In a thesis submitted to Sweden’s KTH Royal Institute of Technology, Ahsan Javed Awan reports the results of benchmarking Apache Spark on a single scale-up server. He ran into some scaling issues on machines with more than twelve cores, which he records in some detail.
— Felix Gessert explains the ins and outs of different NoSQL databases and offers a rubric for choosing one.
— On the Google Research Blog, Peter Liu explains text summarization with TensorFlow.
— Joe Osborne interviews Google’s Norm Jouppi, who explains the Tensor Processing Unit (TPU).
— On the Kudu blog, Dan Burkert explains new range partitioning features in Kudu.
— Marco Tulio Ribiero et. al. explain Local Interpretable Model-Agnostic Explanations, a fancy name for partial dependency analysis.
— Stephen J. Bigelow explains the tools available on AWS for BI solutions: S3, RDS, Aurora, DynamoDB, EMR, Redshift, Quicksight and Amazon Machine Learning.
— On Slideshare, Manu Zhang and Sean Zhong explain Apache Gearpump, which is Yet Another Streaming Engine.
— Julie Bort explains why you shouldn’t depend on one cloud service provider.
— On the Confluent blog, Jay Kreps argues that multi-tenancy is the key capability of distributed systems.
— Cynthia Harvey compares AWS and Azure; she misses the big picture. AWS is a software-agnostic IaaS provider; MSFT is a software company with complementary PaaS and SaaS services. There are advantages and disadvantages to each model, but first one must recognize the difference.
— Curt Monash asks if analytic RDBMSs and data warehouse appliances are obsolete.

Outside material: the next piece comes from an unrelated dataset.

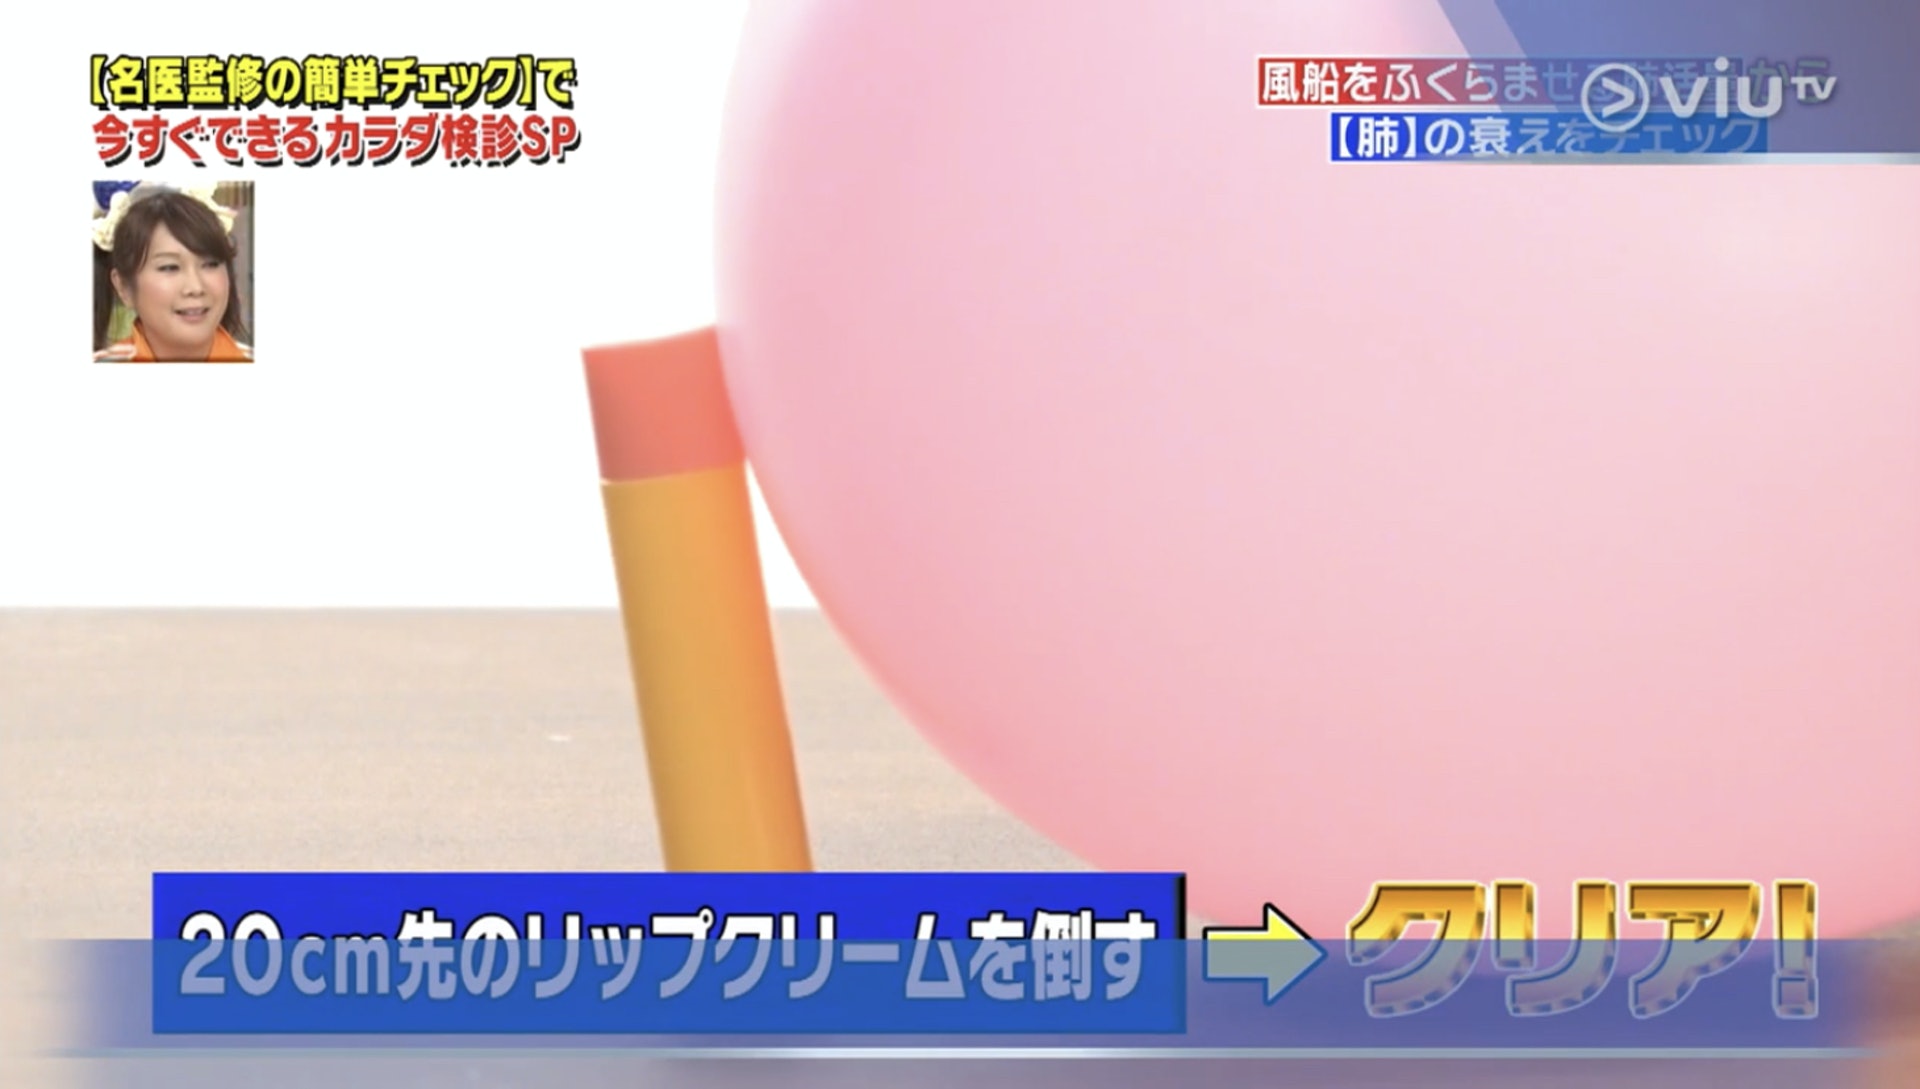 看看氣球能否推跌潤唇膏？（Viu TV《恐怖醫學》影片截圖）

— SAP’s Ken Tsai opines on the role of Hadoop in digital transformation and IoT. Spoiler: he thinks Hadoop has a role.
Open Source News
— Hazelcast announces the general availability of Hazelcast 3.7, with performance improvements and a modular architecture. Hazelcast is an in-memory data grid.
— Apache Ignite completes the hat trick for in-memory bits by announcing Ignite 1.7.0.
— Apache Kudu launches Kudu 0.10.0.
— Microsoft announces the availability of Microsoft R Open (MRO) 3.3.1, with a streamlined installation process, additional packages, and bug fixes. MRO is a free and open source enhanced distribution of R.
— Big-Data-as-a-Service provider BlueData announces a $20 million “C” round led by Intel Capital. The company also announces a partnership with Intel to deliver its software on Xeon processors.
— Google offers several webinars in September for those who want to learn more about BigQuery, Cloud Dataflow, and the Google Cloud Platform.
— Syncsort announces that it has completed the acquisition of Cogito, a maker of mainframe stuff that complements Syncsort’s other mainframe stuff.